The electrical windings and the magnetic core in a transformer are subject to a number of different forces during operation, for example

a)Expansion and contraction due to thermal cycling
c)Local heating due to magnetic flux
d)Impact forces due to through fault current
e)Excessive heating due to overloading condition on inadequate cooling

These forces can cause deterioration and failure of the winding electrical insulation. Table 1 summarizes failure statistics for a broad range of transformer failure causes reported by a group of U.S. utilities over a period of years.

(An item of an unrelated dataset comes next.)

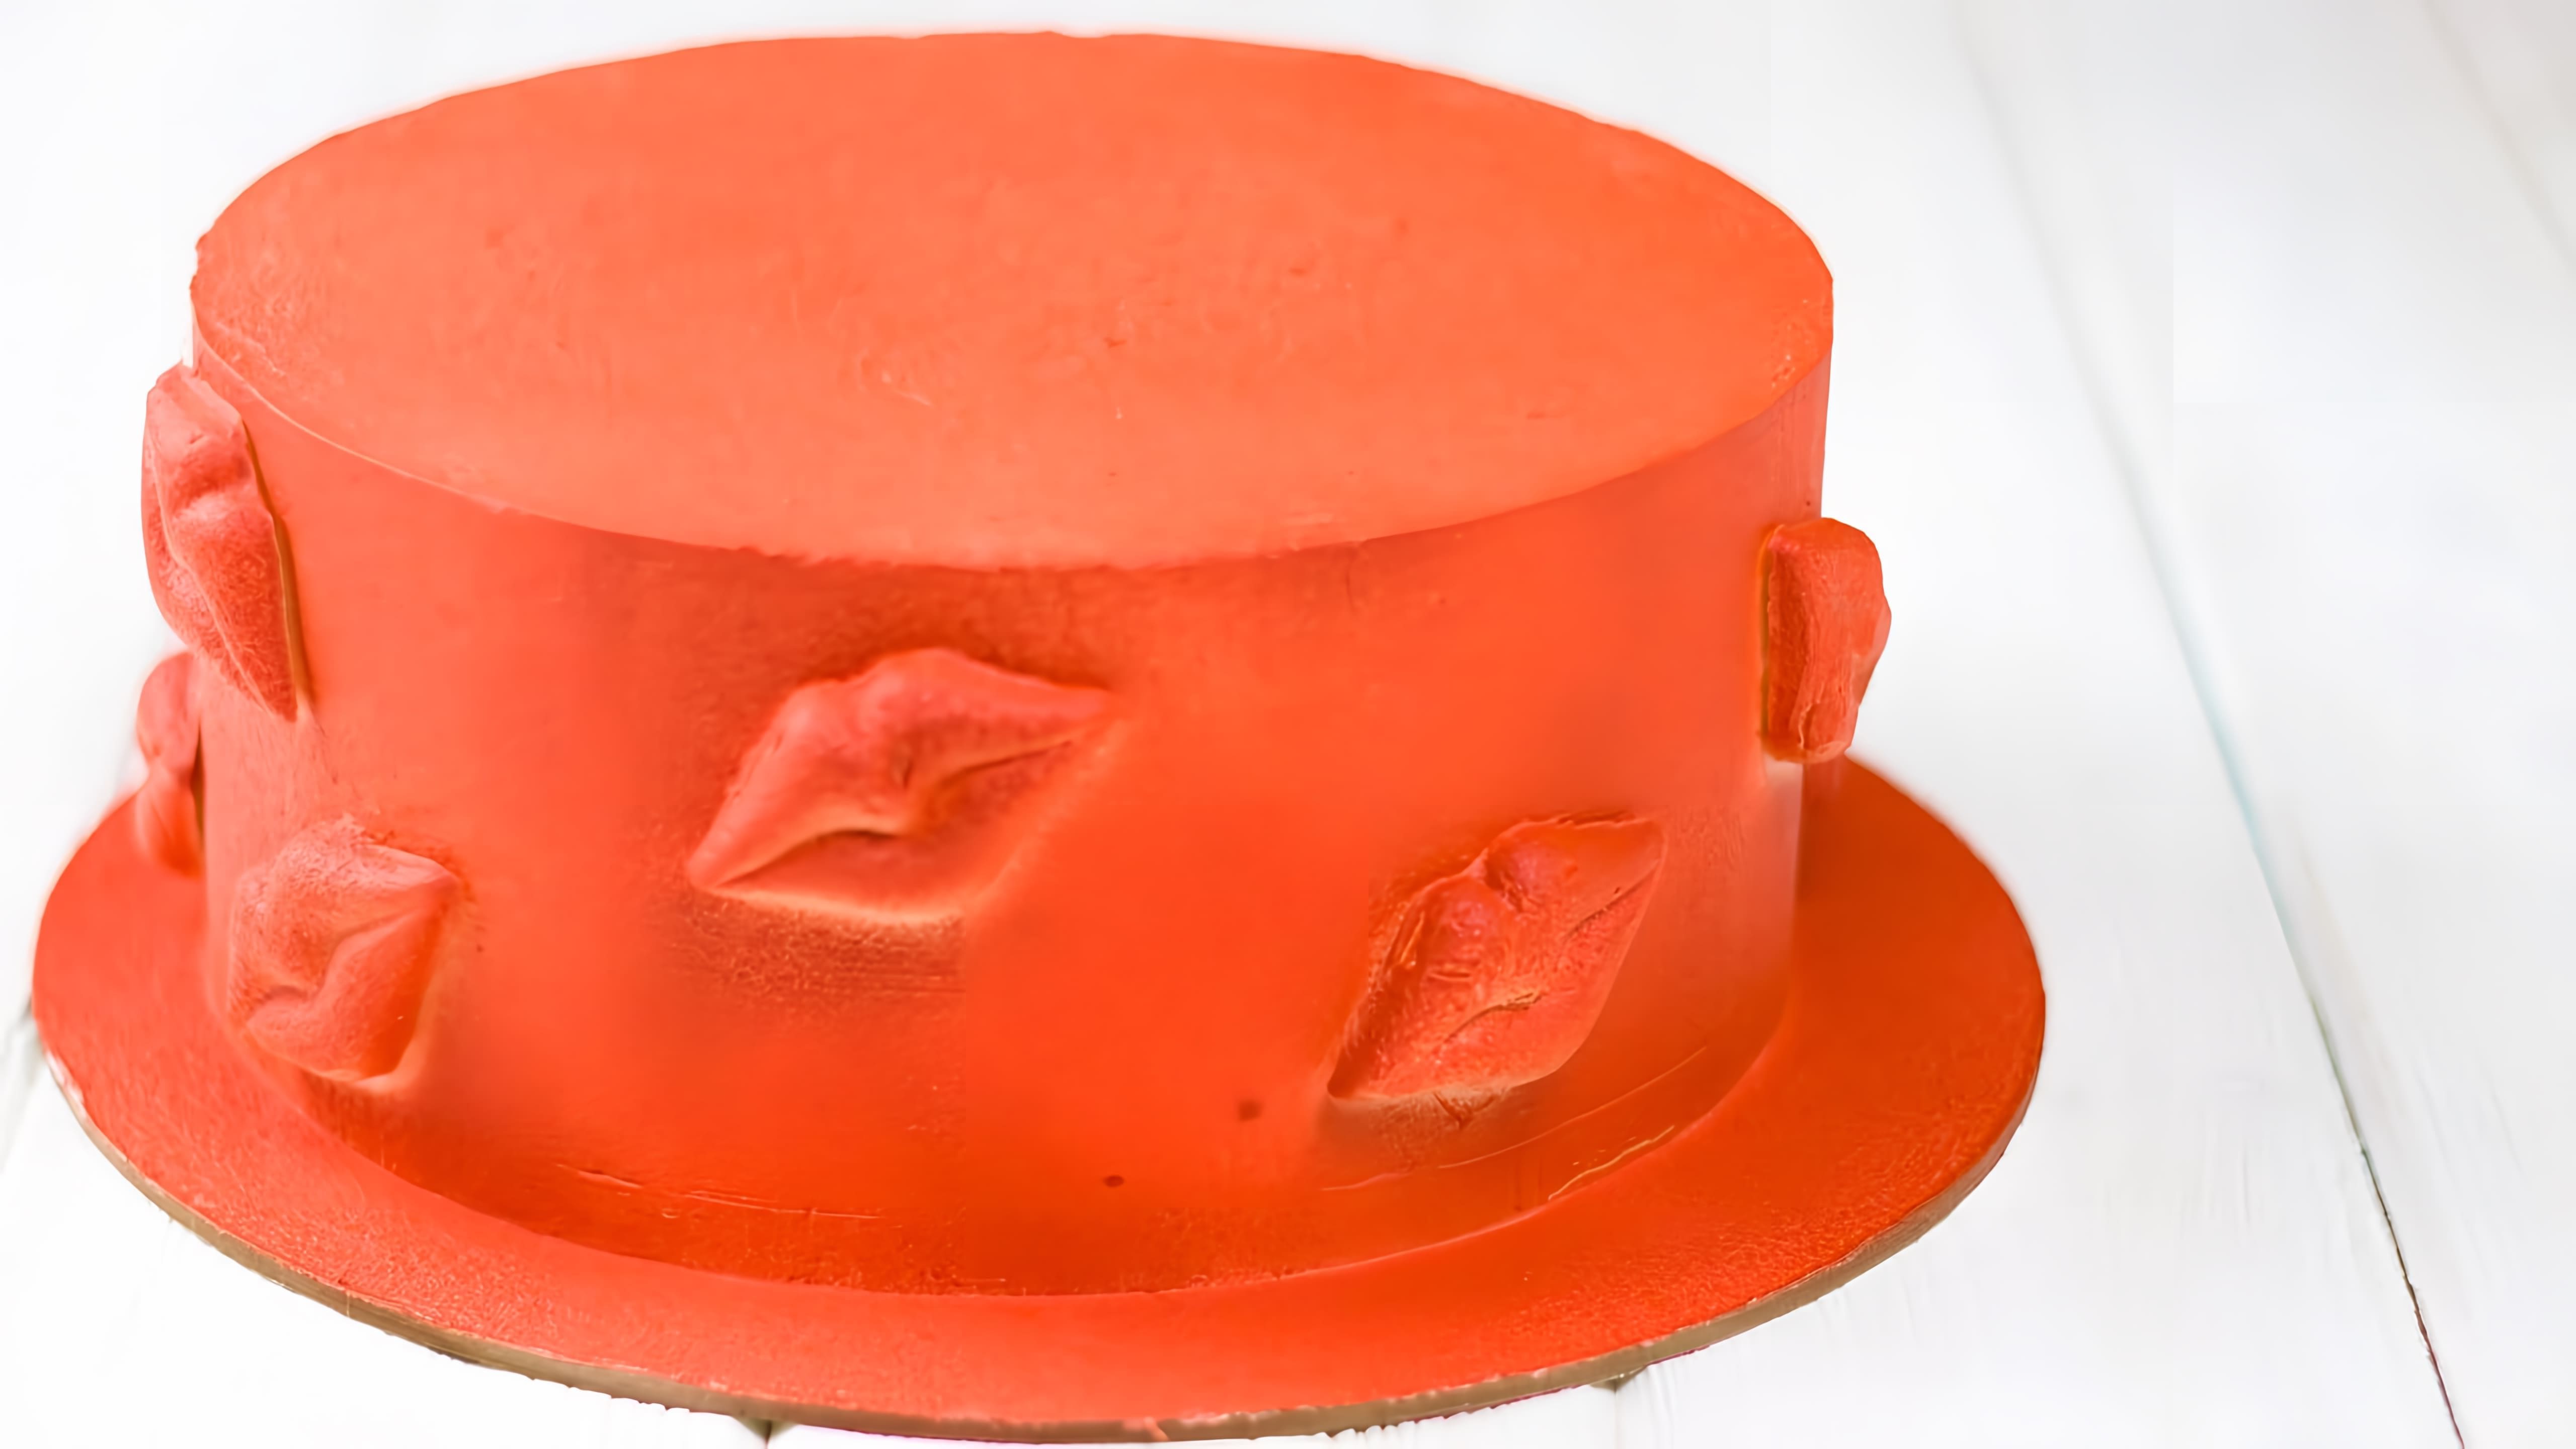 В этом видео показано, как украсить торт велюром без использования краскопульта

The detection systems that monitor other transformer parameters can be used to indicate an incipient electrical fault. Prompt response to these indicators may help avoid a serious fault. For example

a) Temperature monitors for winding or oil temperature are typically used to initiate an alarm requiring investigation by maintenance staff.

b) Gas detection relays can detect the evolution of gases within the transformer oil. Analysis of the gas composition indicates the mechanism that caused the formation of the gas; e.g., acetylene can be caused by electrical arcing, other gases are caused by corona and thermal degradation of the cellulose insulation.

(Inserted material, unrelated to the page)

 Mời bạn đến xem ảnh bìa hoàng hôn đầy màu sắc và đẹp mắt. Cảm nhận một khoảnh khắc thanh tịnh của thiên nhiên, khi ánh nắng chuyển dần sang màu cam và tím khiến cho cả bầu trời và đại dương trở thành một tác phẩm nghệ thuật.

The gas detection relays may be used to trip or alarm depending on utility practice. Generally, gas analysis is performed on samples of the oil, which are collected periodically. Alternatively, a continuous gas analyzer is available to allow on-line detection of insulation system degradation.

c) Sudden-pressure relays respond to the pressure waves in the transformer oil caused by the gas evolution associated with arcing.

d) Oil level detectors sense the oil level in the tank and are used to alarm for minor reductions in oil level and trip for severe reductions.